GIVEN INFORMATION Start Marker

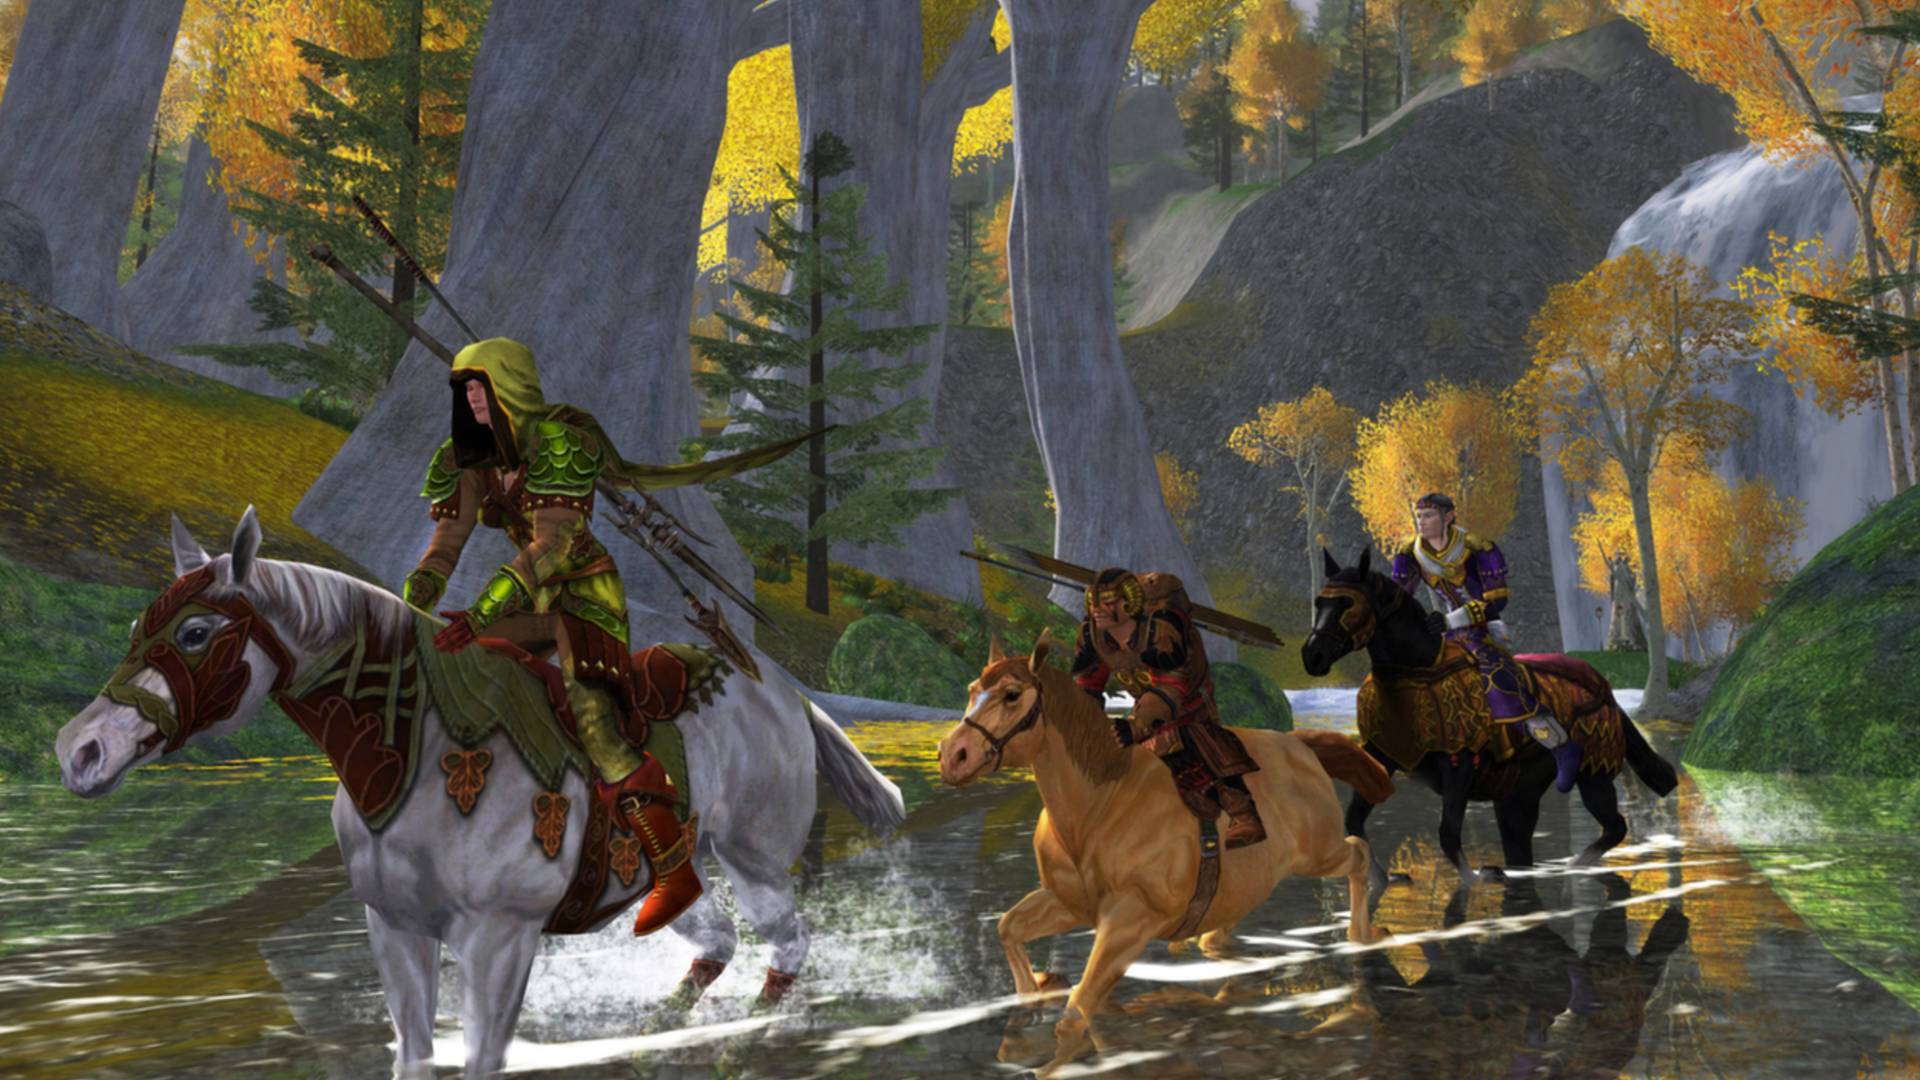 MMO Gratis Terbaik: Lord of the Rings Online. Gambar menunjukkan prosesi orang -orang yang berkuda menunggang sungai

GIVEN INFORMATION End Marker
GIVEN INFORMATION Start Marker

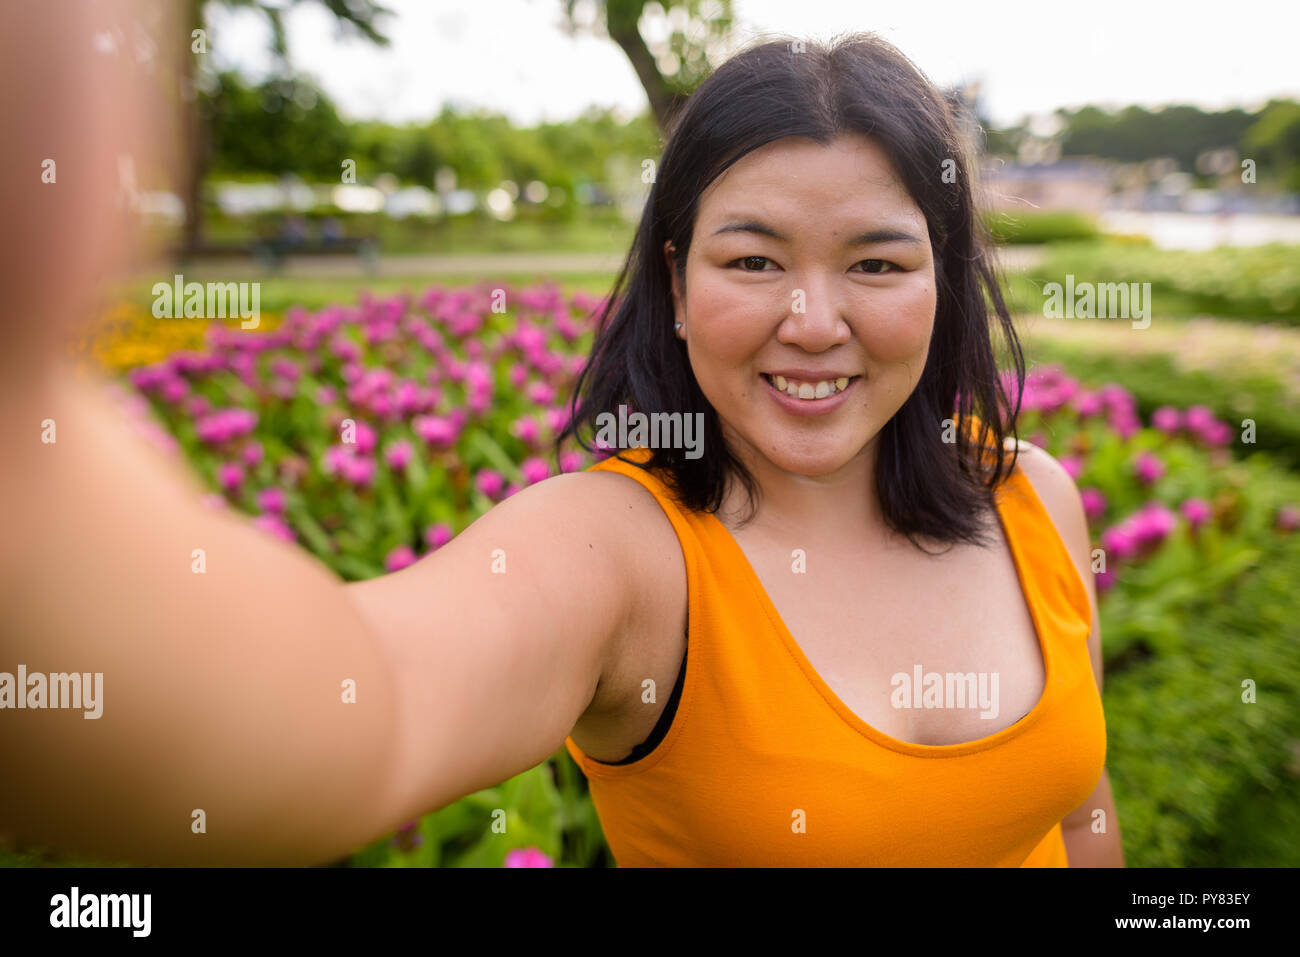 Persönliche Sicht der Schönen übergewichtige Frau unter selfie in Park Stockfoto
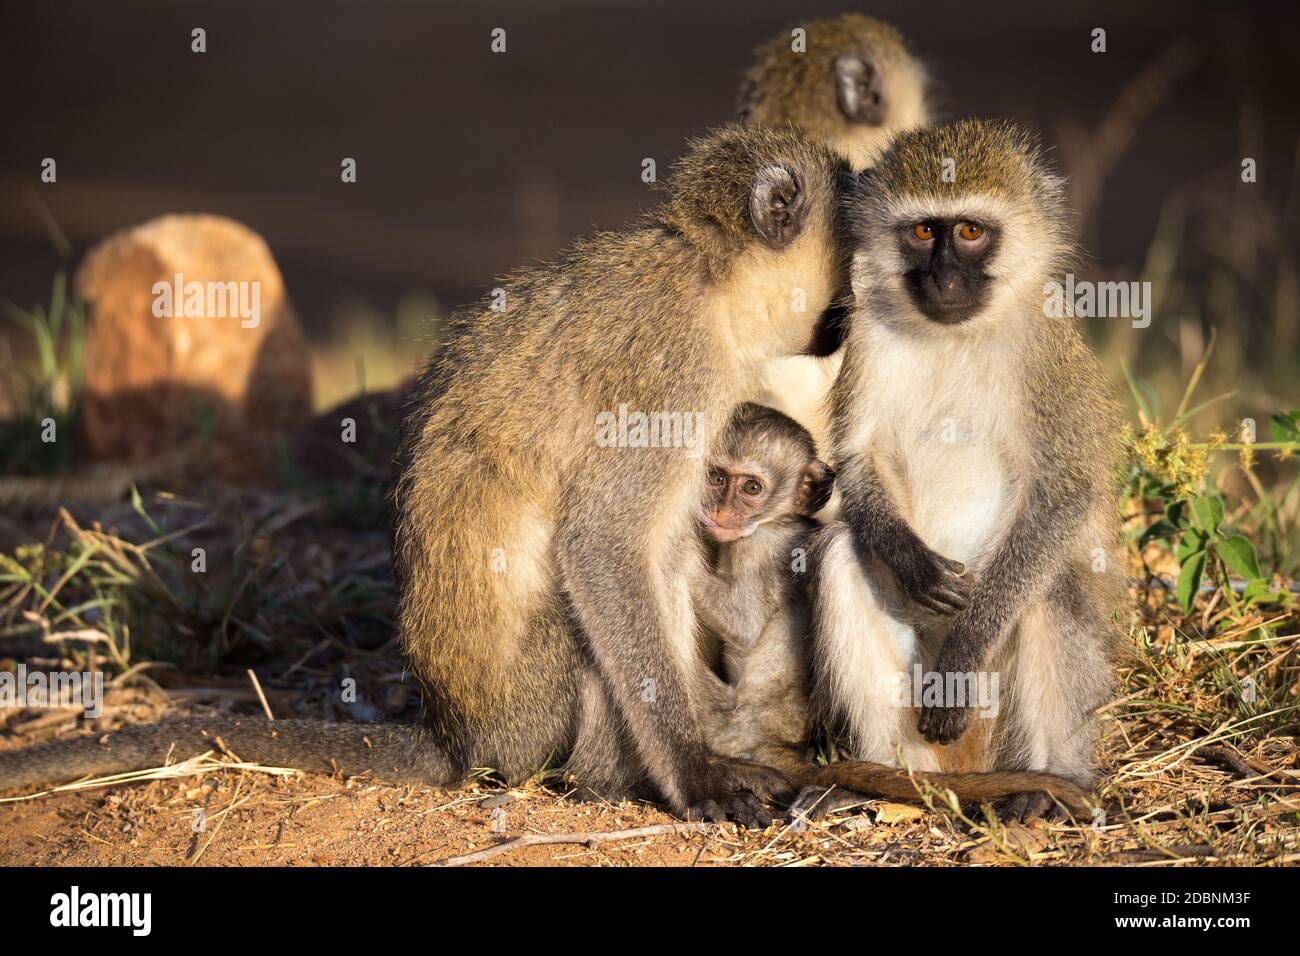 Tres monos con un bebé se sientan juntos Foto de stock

GIVEN INFORMATION End Marker

TO DO: Using the listing above, repeat word for word each line from the one with "Persönliche Sicht der" down to the one with "Tres monos con", both included. Omit all pictures.

RESPONSE:
 Persönliche Sicht der Schönen übergewichtige Frau unter selfie in Park Stockfoto
 Tres monos con un bebé se sientan juntos Foto de stock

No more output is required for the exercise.